Colored Hats (simultaneous version): 

It is not immediately obvious that any players can be saved. Often the first strategy considered is "guessing the majority color" ; e.g. if n=10, each player guesses the color he sees on 4 or more of his 9 teammates. But this results in 10 executions if the colors are distributed 5-and-5, and the most obvious modications to this scheme also result in total carnage in the worst case. 

However, it is easy to save \lfloor n/2 \rfloor players by the following device. Have the players pair up (say husband and wife); each husband chooses the color of his wifes hat and each wife chooses the color she doesn't see on her husbands hat. Clearly, if a couple have the same color hats, the husband will survive; if different ,the wife will survive. 

To see that this is best possible, imagine that the colors are assigned uniformly at random (e.g. by fair coin-flips), instead of by an adversary.
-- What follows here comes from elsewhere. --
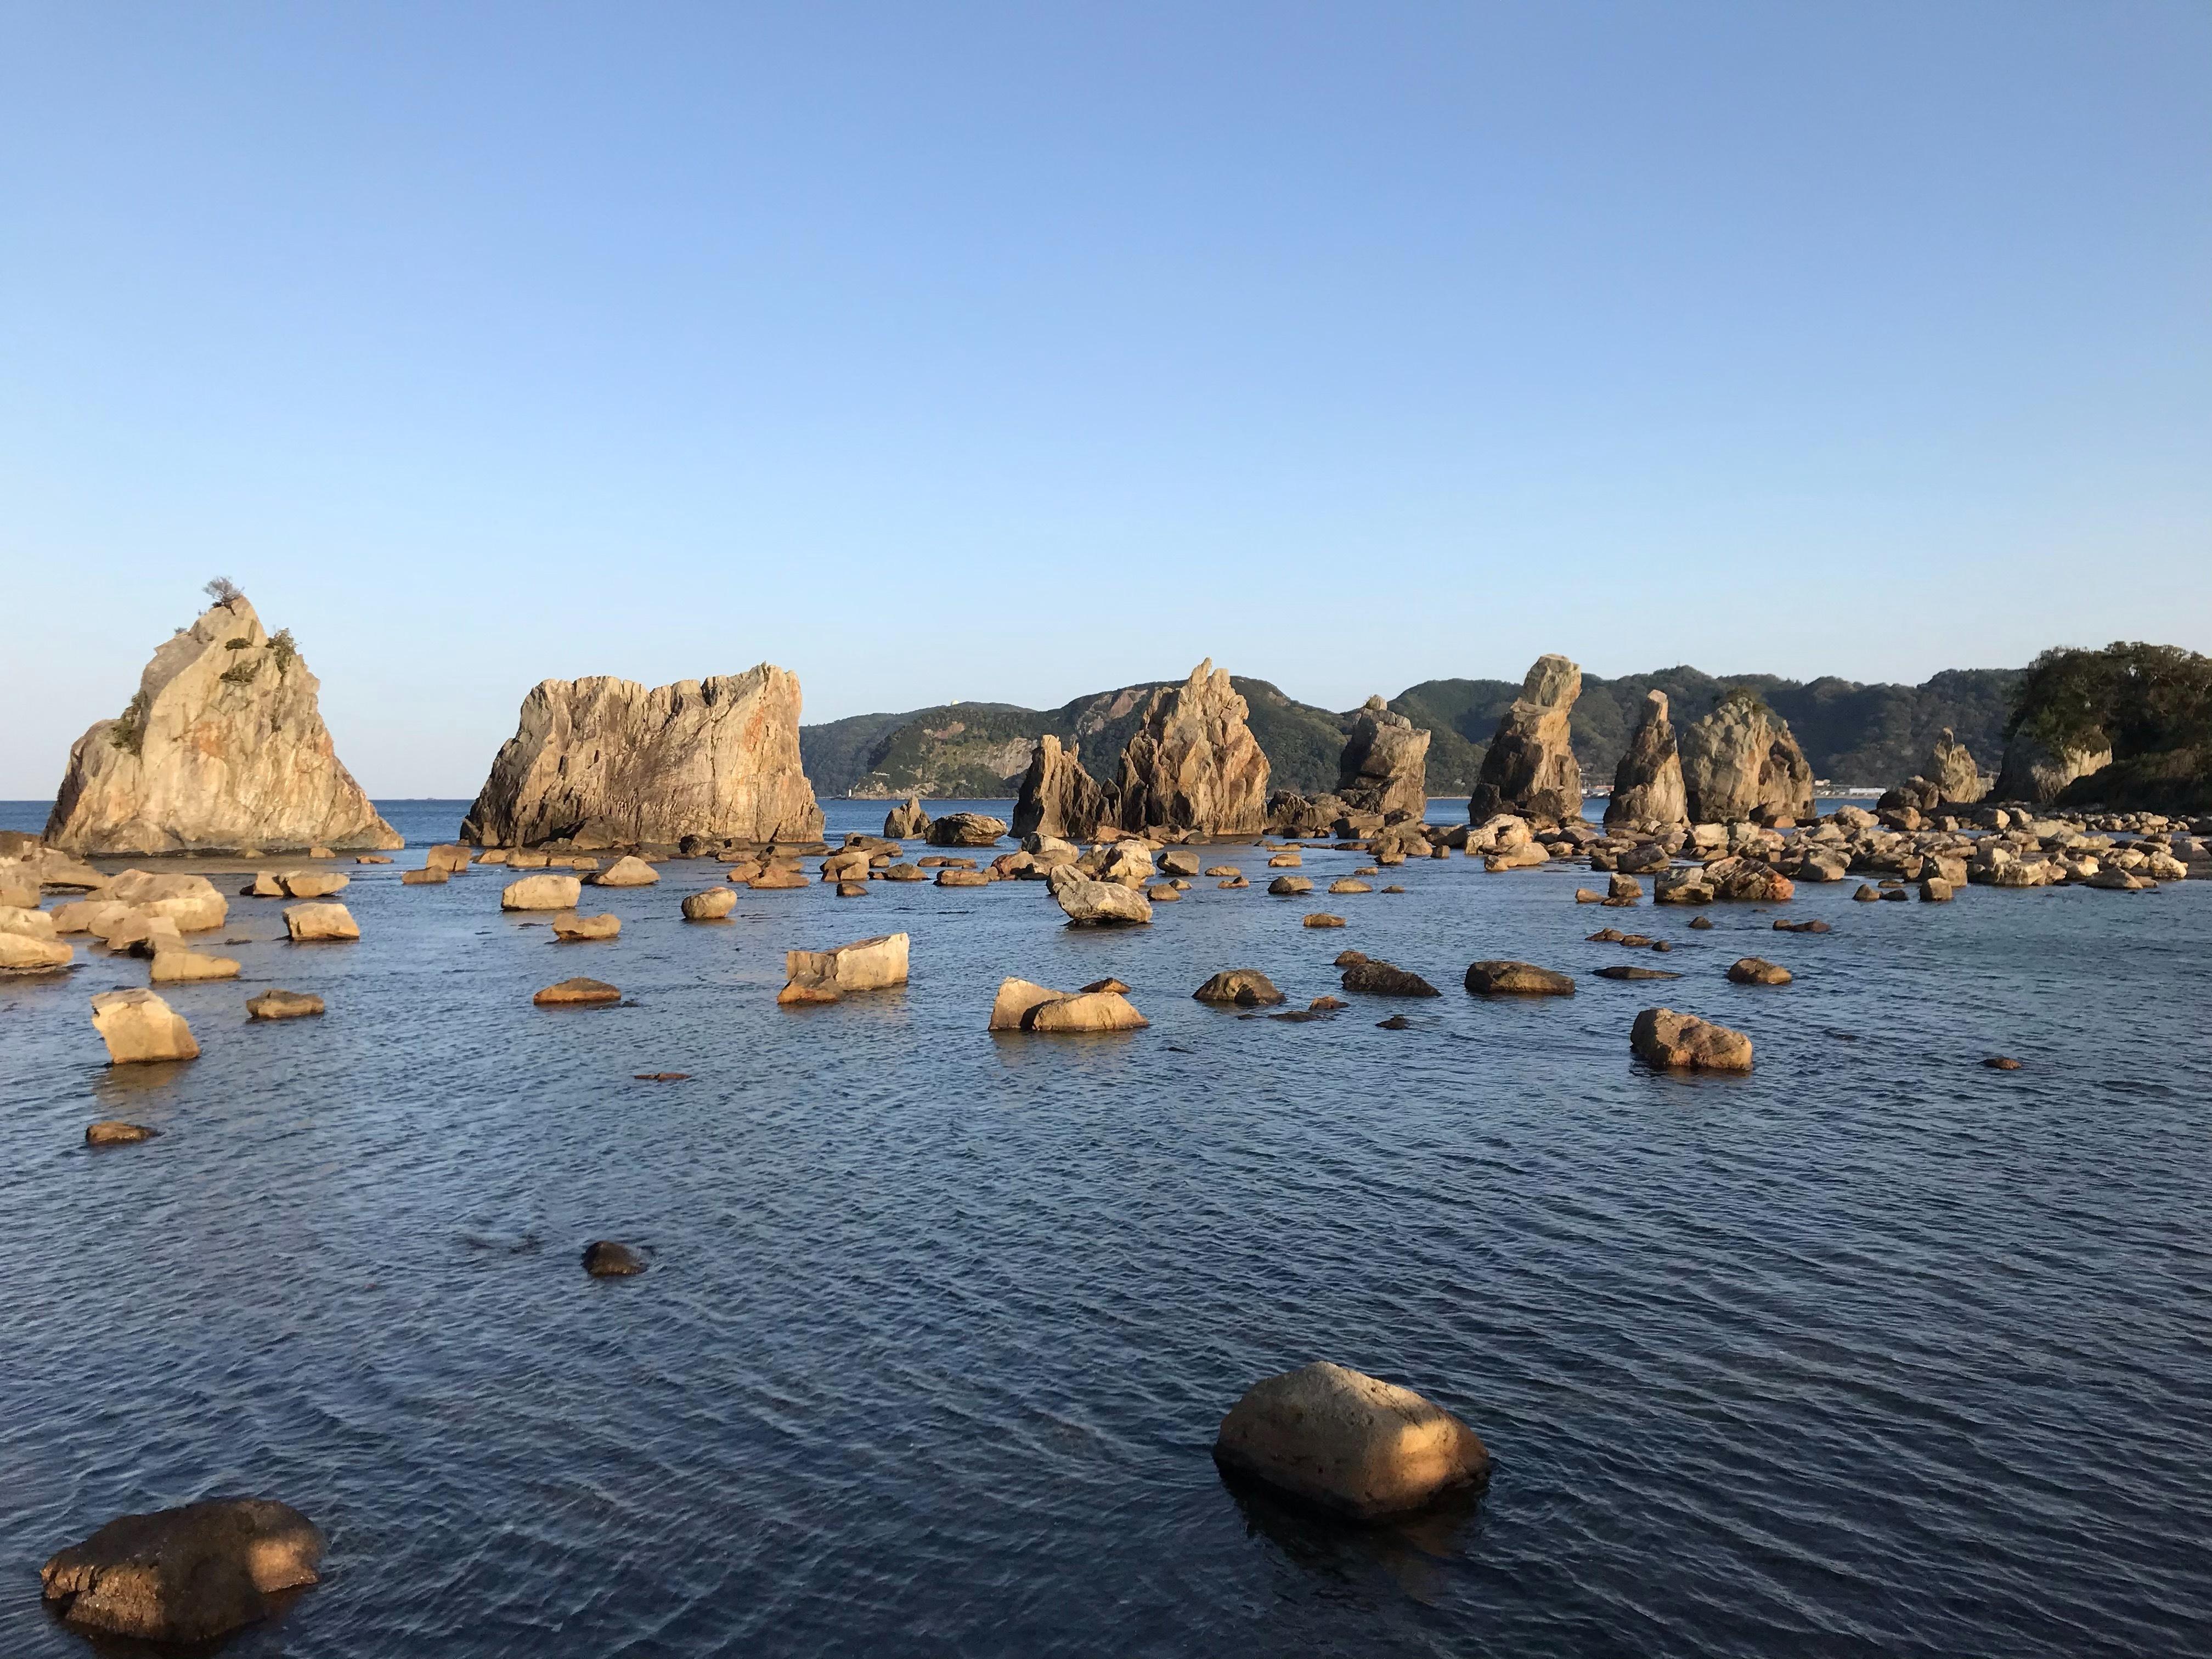 harleydavidson-motorcycle-touring-wakayama-hashiguiiwa-rocks-2.jpg

Regardless of strategy the probability that any particular player survives is exactly 1/2; therefore the expected number of survivors is exactly n/2. It follows that the minimum number of survivors cannot exceed \lfloor n/2 \rfloor.

Colored Hats (sequential version):

This version of the hats game was passed to me by Girija Narlikar of Bell Labs, who heard it at a party (the previous version was my own response to Girija's problem, but has no doubt been considered many times before). For the sequential version it is easy to see that \lfloor n/2 \rfloor can be saved; for example, players n, n-2, n-4 etc. can each guess the color of the player immediately ahead, so that players n-1, n-3 etc. can echo the most recent guess and save themselves.

It seems like some probabilistic argument such as provided for the simultaneous version should also work here, to show that \lfloor n \rfloor is the most that can be saved. Not so : in fact, all the players except the last can be saved!

The last player (poor fellow) merely calls "red " if he sees an odd number of red hats infront of him, and "blue" otherwise. Player n-1 will now know the color of his own hat; for example, if he hears player n guess "red " and sees an even number of red hats ahead, he knowshis own hat is red. 

Similar reasoning applies to each player going up the line. Player i sums the number of red hats he sees and red guesses he hears; if the number is odd he guesses "red", if even he guesses "blue", and he's right (unless someone screwed up).

Of course the last player can never be saved, so n-1 is best possible.